Last week, a tipster provided Motherboard with a link to a Tor Onion service that hosted a selection of data pulled from TheTruthSpy. A readme file included in the data dump included the specific URL from which the images were available on TheTruthSpy’s website. The motherboard verified that on Wednesday the images were still available for download. The released data also included a selection of apparent GPS positions of the victims’ phones.
Once installed on a victim’s phone, TheTruthSpy is able to intercept phone calls, siphon photos, read WhatsApp messages, track the phone’s GPS location and much more. These photos are then uploaded to TheTruthSpy’s servers where the stalkerware user can log in through a dashboard and view the collected material.
“If you feel like your spouse is cheating on you, you should spy on their phone. If they are mainly chatting, you can spy on text messages to read them secretly. “spy on text messages. It will give you all the information of the phone”, a 2021 blog post on TheTruthSpy website reads.

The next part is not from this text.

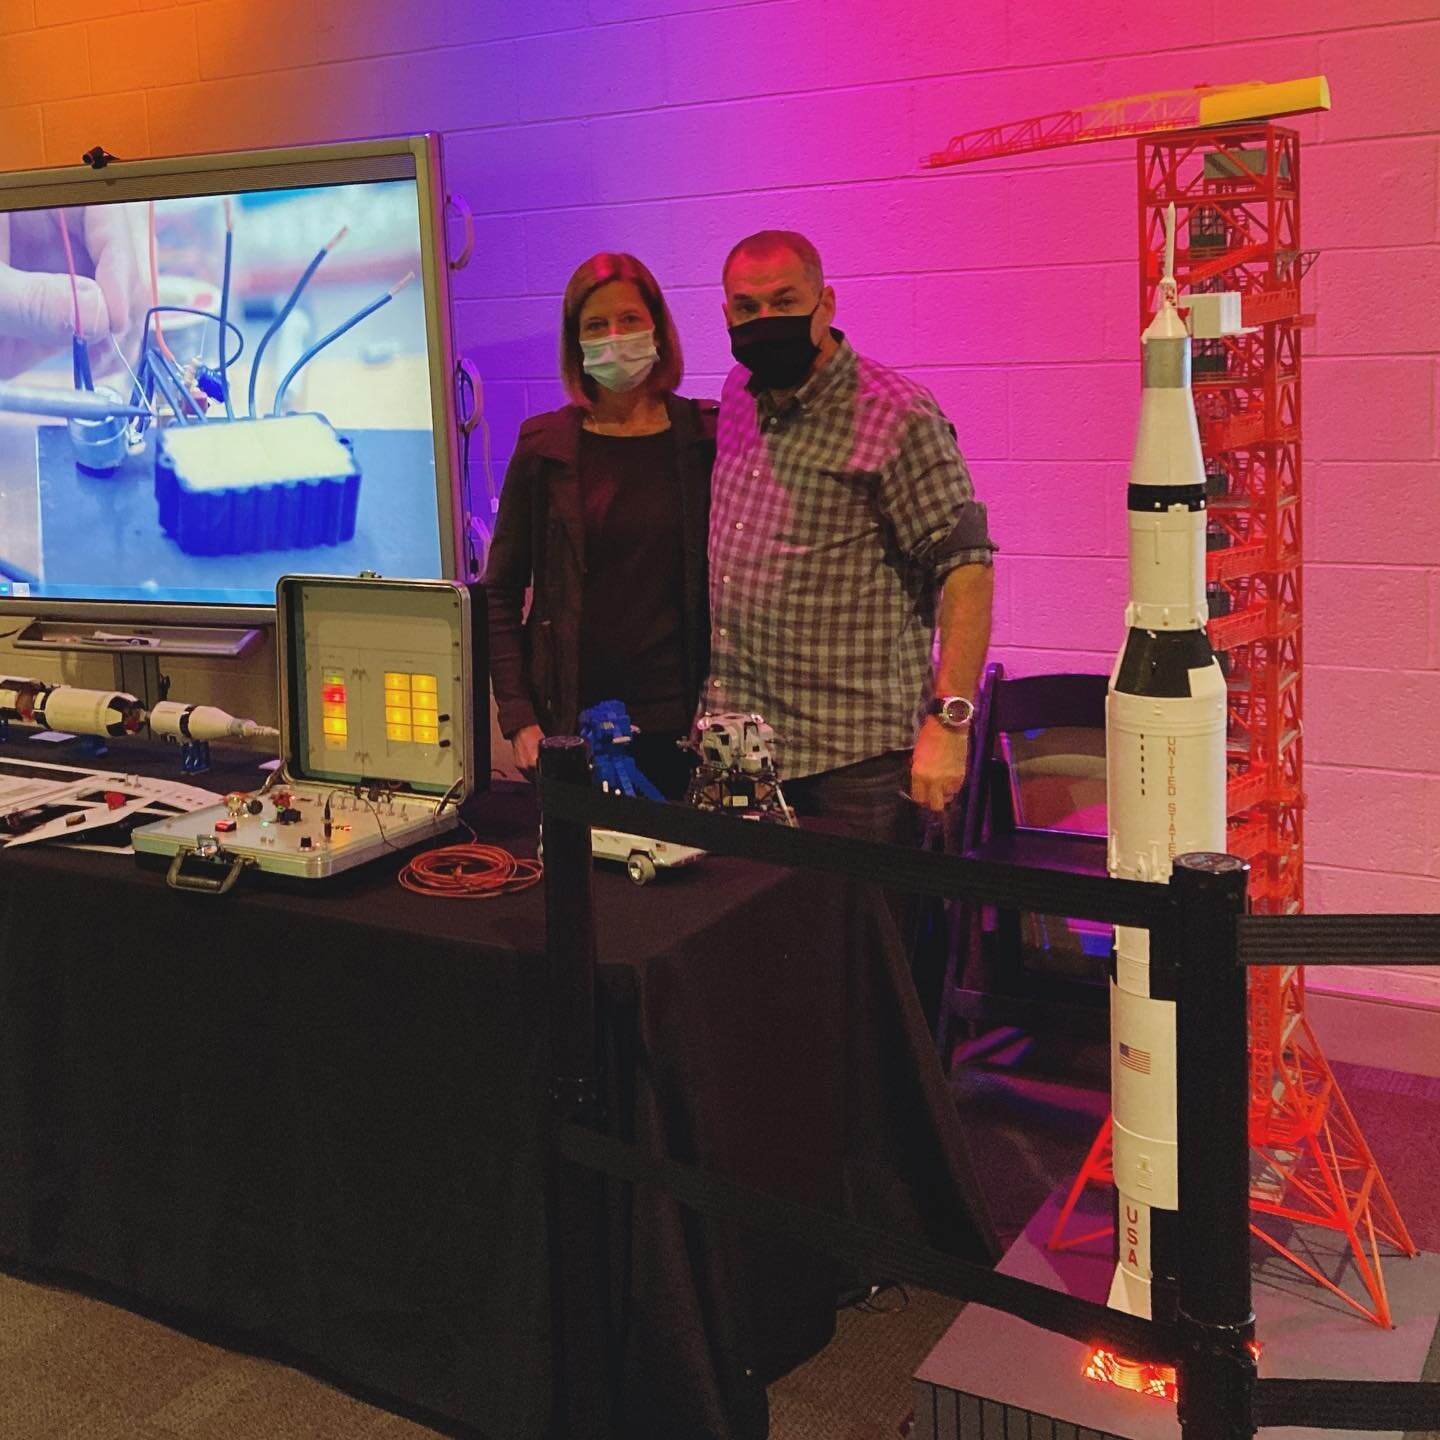 Ruth and I are back @discoveryplacescience in Charlotte NC this weekend, to share and demo our Apollo projects. Come see us! Our latest video, of the Apollo - When We Went to the Moon exhibit here at Discovery Place, is on our YouTube channel. Link i

TheTruthSpy is part of a network of stalkerware applications that all use infrastructure maintained by a Vietnam-based company called 1Byte. As TechCrunch communicated in February, 1Byte exposes data from an entire fleet of stalkerware applications. TheTruthSpy data obtained by Motherboard appears to be related to this underlying vulnerability.
This isn’t even the first time TheTruthSpy’s data has been hacked or exposed. In 2018, a hacker told Motherboard they got access to the company’s servers and that there were over 10,000 TheTruthSpy customers.
TheTruthSpy did not respond to a request for comment.
In 2019, the FTC banned stalkerware company Retina-X and its owner James N. Johns Jr. from making any other mobile surveillance products unless they took steps to ensure the software was used only for legitimate purposes. This decision came after Motherboard reported that Retina-X had been hacked, twice.
The FTC said at the time that Retina-X and Johns violated the FTC’s prohibition against unfair and deceptive practices, as well as the Children’s Online Privacy Protection Act (COPPA), which requires companies to protect data for children under 13 years old.